A simple hashing scheme (Easy)

This challenge involved some basic math to be calculated. We were required to find out the modulus for string “flagc”.

I created a quick python script to do the calculation as follows:

  1. #!/usr/bin/python
  3. s = "flagc".encode("hex")
  4. i = int(s, 16)
  5. modulus = i % 16
  7. print modulus

The final answer was 3.

Super advanced encryption (Easy)

The cipjertext in this challenge was a ROT-13 cipher where characters are subsituted. There is a readily available library in python that can be used to calculate ROT-13 “encryption”.

  1. #!/usr/bin/python
  3. import codecs
  4. decrypt = codecs.decode('PloreFrphevglOnfrSyntN', 'rot_13')
  6. print decrypt

Flag for the challenge was “CyberSecurityBaseFlagA”

Hidden in script (Easy)

The challenge was to find a secret backend key, which was leaking through a hidden debugging mode in JavaScript at https://cyber-bank.testmycode.io/.

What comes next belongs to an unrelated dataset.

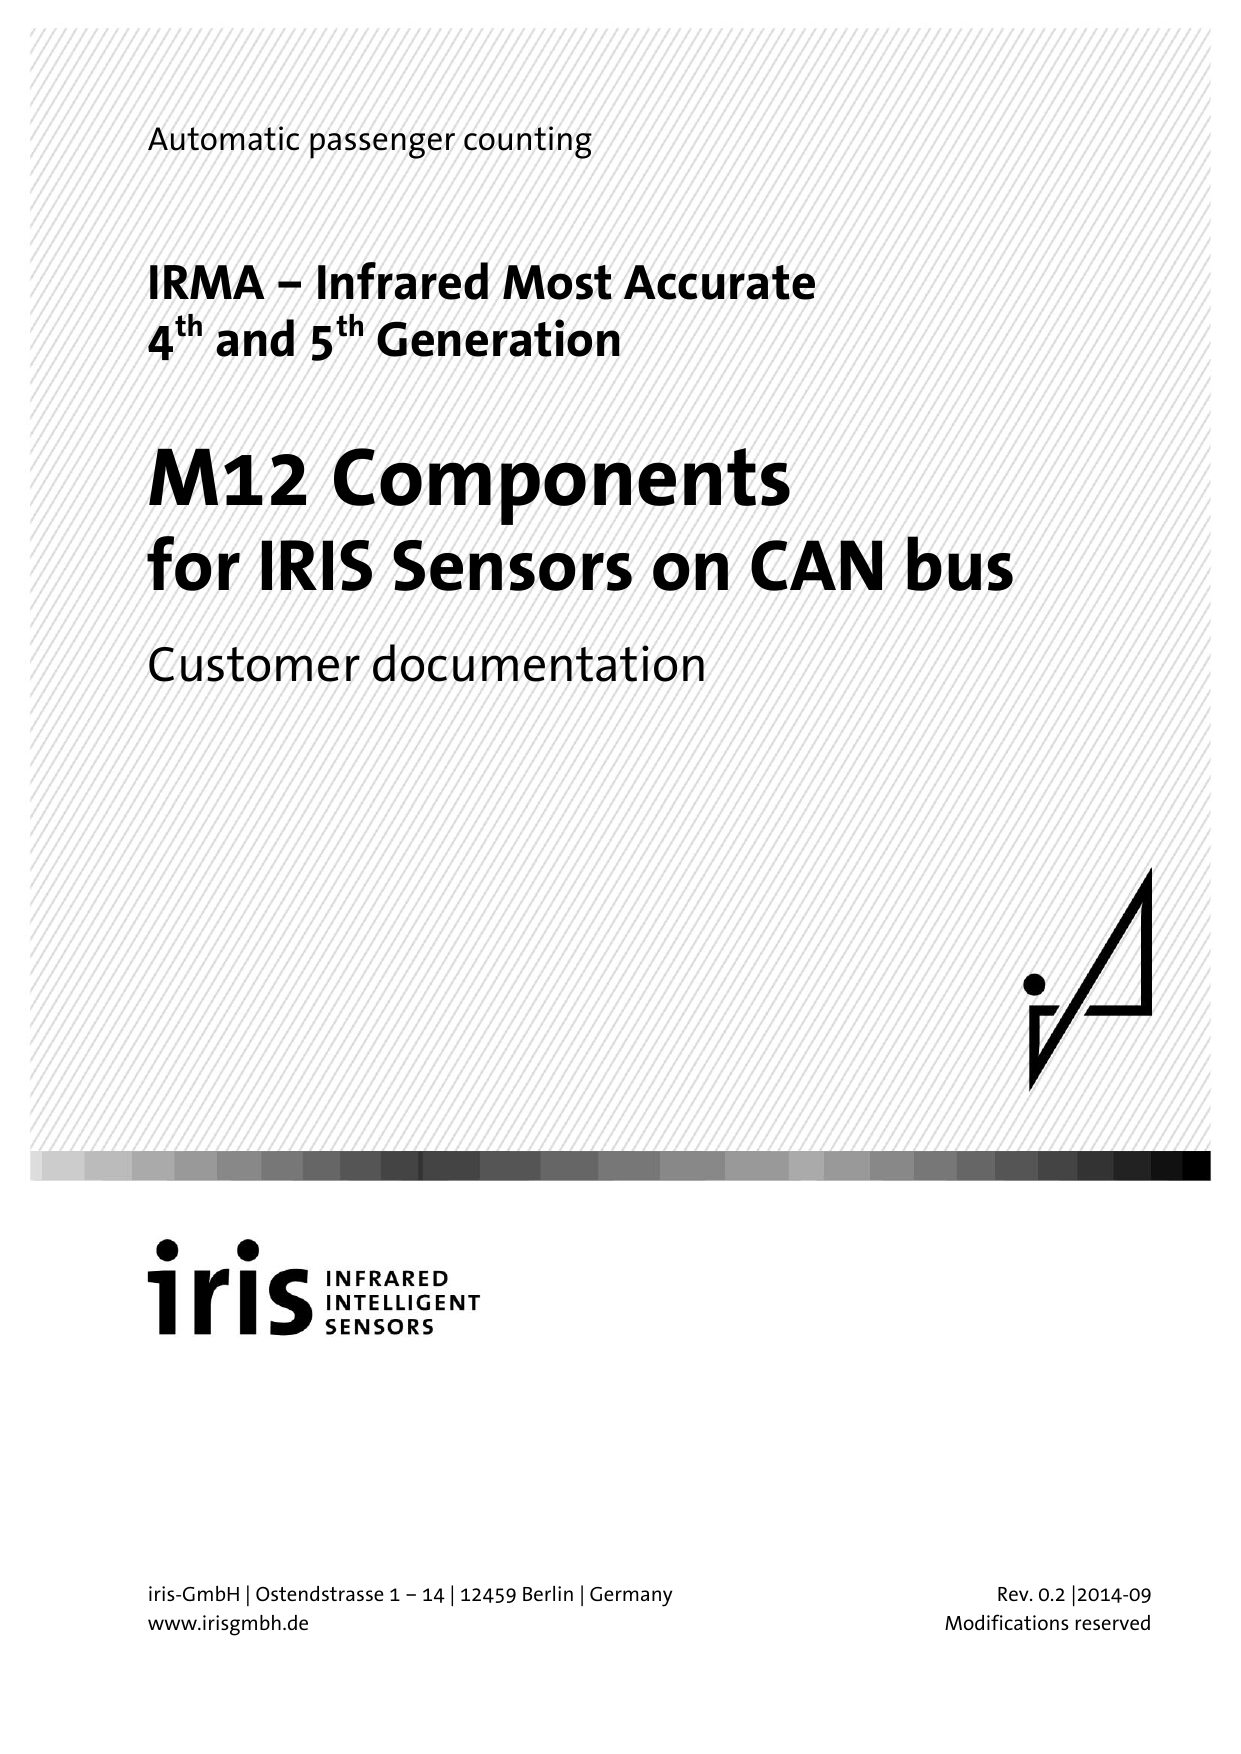 IRIS M12 Components

When visiting the application, it loads a JavaScript -file https://cyber-bank.testmycode.io/assets/application-9bc2bee65ff0948f32fe86b8e5fd85ea194a1e8d46183aa99f7b17681245b793.js

Searching through the JavaScript with a string “debug” I found this: 

  1. "cyberdebugmode","true","GET","/nothing_to_see_here.json"

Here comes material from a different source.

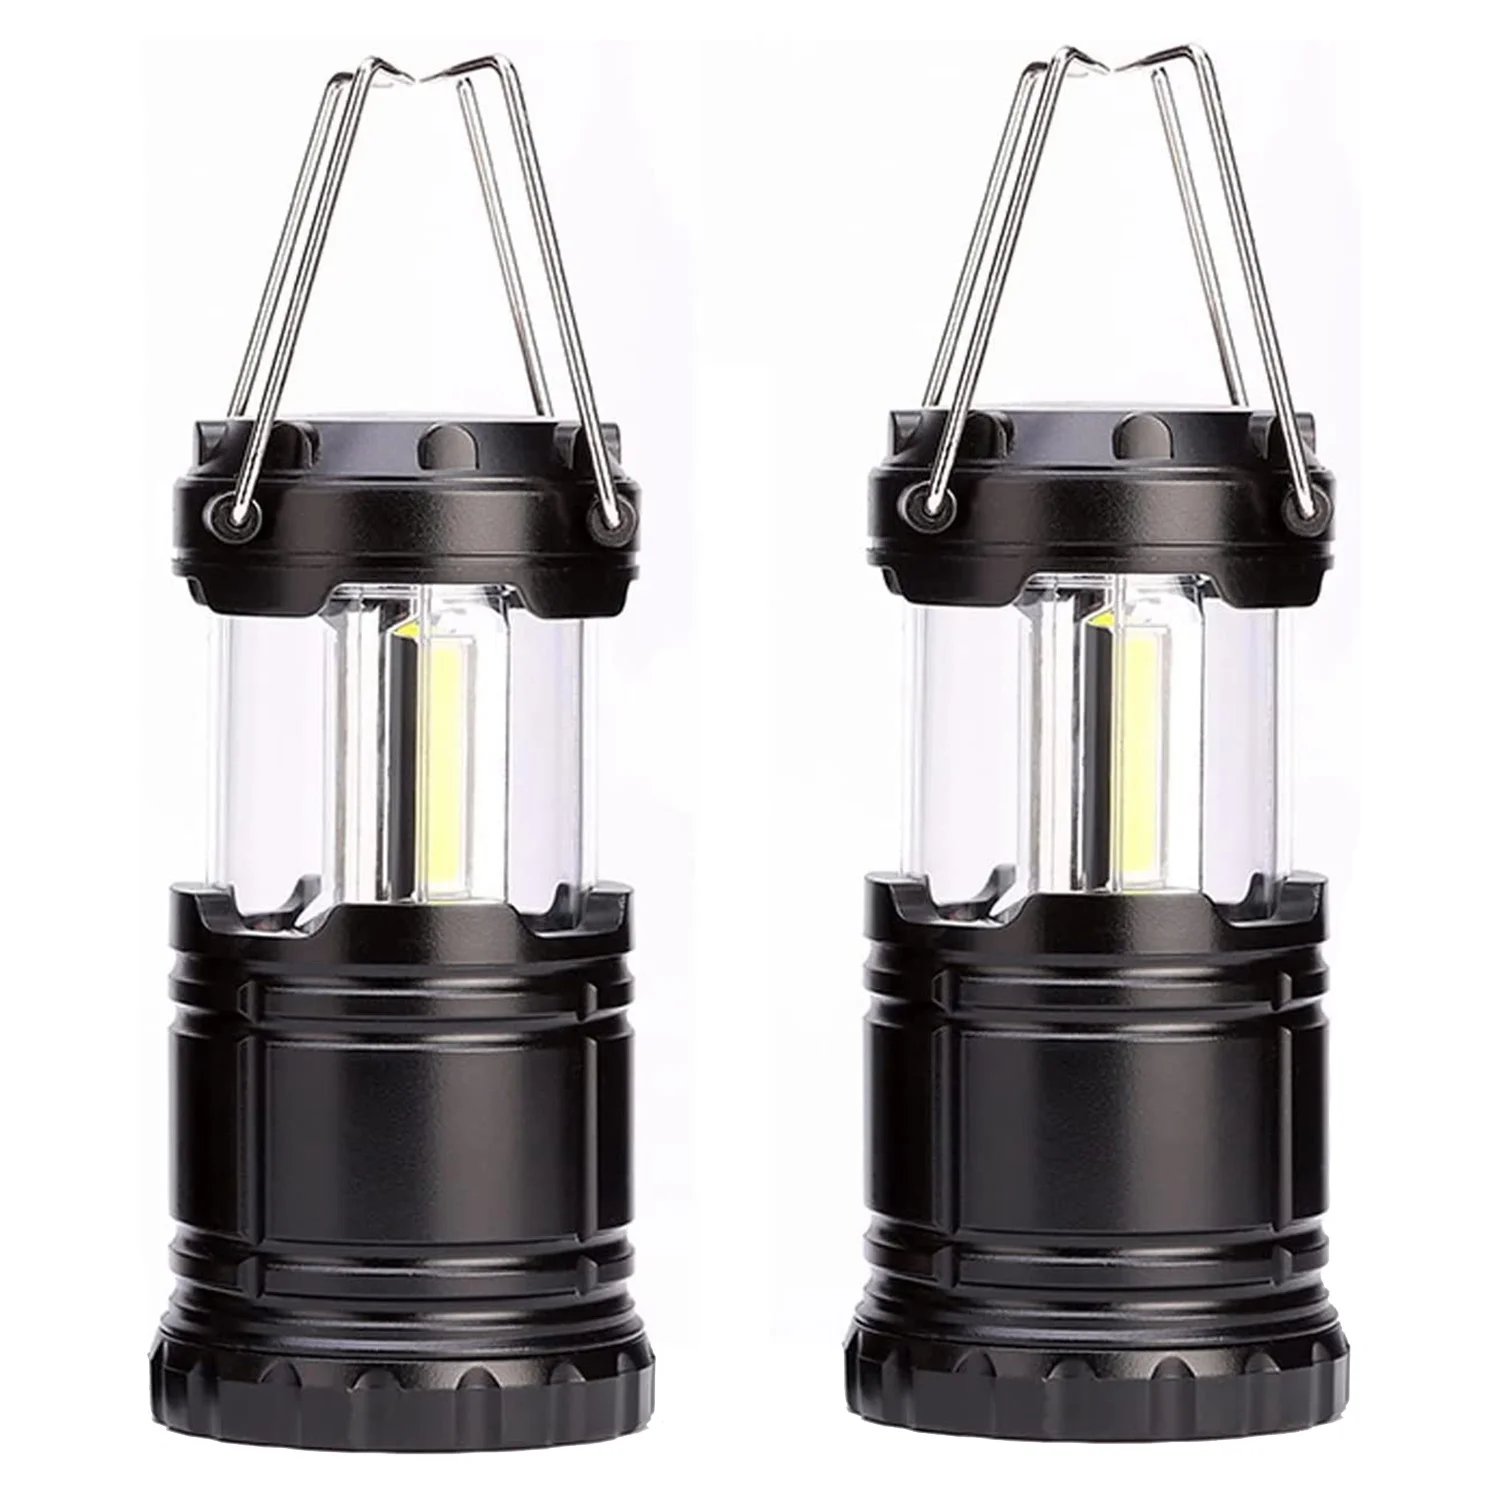 Переносная походная лампа COB со складной водонепроницаемой лампой, лампа на батарейках, Переносная походная лампа

Visiting the URL we can find the backend key:

  1. backend-key    "BM1GOMYajD4ONBHxEOq4"

Admin panel (Easy)

The challenge contains a small web application and requires us to access a secret admin panel. The description states that “The panel supposedly leaked previously when a popular search engine accidentally indexed it. However, security has been tightened since then”, which seems that a indexing bot has visited the robots.txt page.

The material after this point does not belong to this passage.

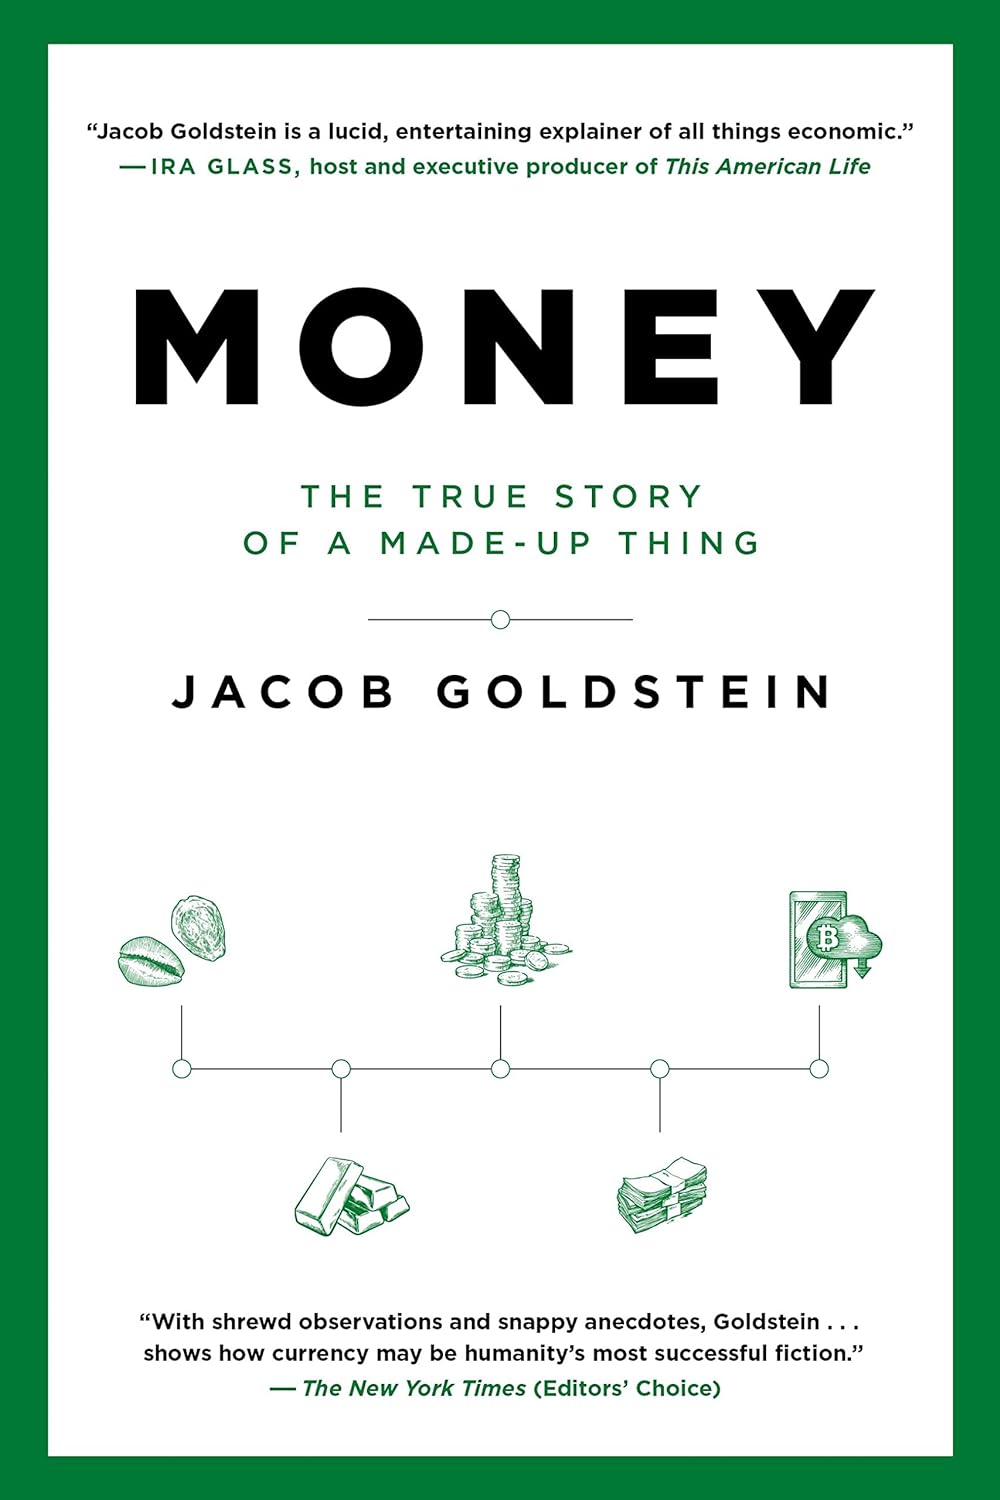 Book cover: "Money."

Visiting the https://cyber-bank.testmycode.io/robots.txt gives us:

  1. # See http://www.robotstxt.org/robotstxt.html for documentation on how to use the robots.txt file
  2. #
  3. # To ban all spiders from the entire site uncomment the next two lines:
  4. # User-agent: *
  5. # Disallow: /
  6. Disallow: /super_secret_admin_panel_fds

Thus, visiting the /super_secret_admin_panel_fds gives us the database password, which was the flag for this challenge:

  1. Database password: "cannothackmelol".

Awkward Ending Syndrome (Easy)

Looking at the challenge name and description it contains clues about what sort of encryption algorithm is being used, AES and mode of CBC (Canadian Born person named Chad).

In the challenge we have the ciphertext and key that was being used to encrypt the message. Now we also know the scheme, which means we can decrypt the message.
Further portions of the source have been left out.